Consequences of normalising the Assad regime
Normalising relations with the Assad regime will irreparably harm principles of accountability and international justice. It will allow gross violations of International Law, including torture and enforced disappearance, to go unpunished. There will be more violence. There will be more victims. Those contributing to normalising the Assad regime will be directly complicit in these atrocities and the associated suffering.
In Syria, normalising Assad will only allow him to continue to massacre, torture, and disappear Syrians. This impunity says to the families of Assad's victims and their families: forget about justice and accountability and forget your disappeared loved ones.
Internationally, it will legitimise the use of crimes committed by Assad as tools to suppress people demanding their human rights, including the use of chemical weapons and widespread, systematic torture and disappearance.
It will encourage other potential 'leaders' to commit the most horrible crimes if they can sustain or regain normal relations with the international community if they hold out for long enough.
These consequences are not merely theoretical. They are measurable and observed in real-time. For example, many Russian officers and military reportedly responsible for war crimes in Syria are now committing the same acts in Ukraine.
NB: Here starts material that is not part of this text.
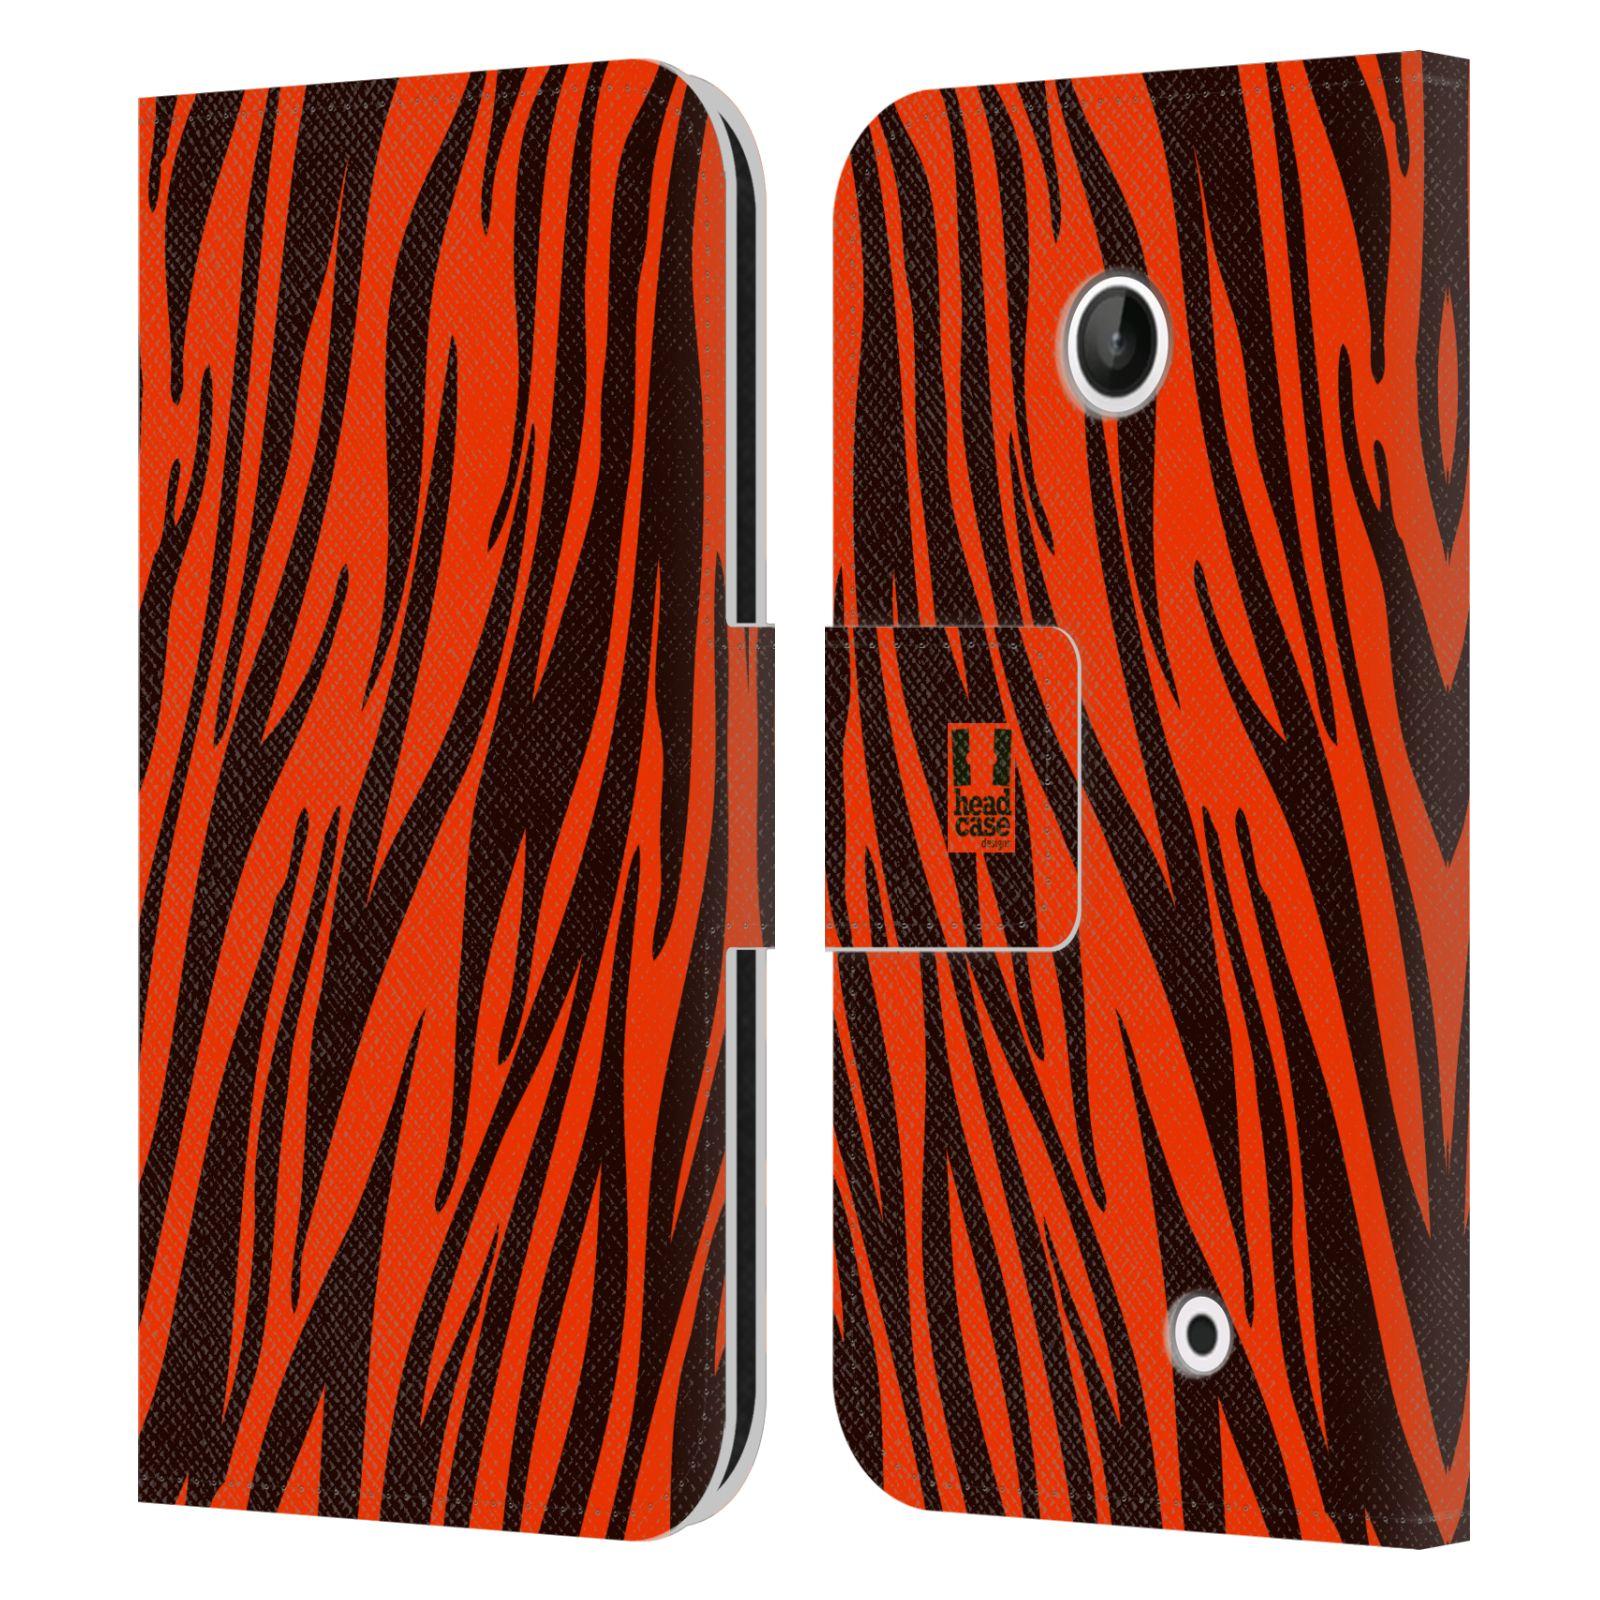 HEAD CASE Flipové pouzdro pro mobil NOKIA LUMIA 630 / LUMIA 630 DUAL Zvířecí barevné vzory oranžový tygr

This anniversary is different; this year is alarming, and we need to do more to protect our rights and guard the national and international principles of justice and accountability for us and other human beings.
This year, we should remember the words of the late Martin Luther King, Jr: "Injustice anywhere is a threat to justice everywhere. We are caught in an inescapable network of mutuality, tied in a single garment of destiny. Whatever affects one directly affects all indirectly."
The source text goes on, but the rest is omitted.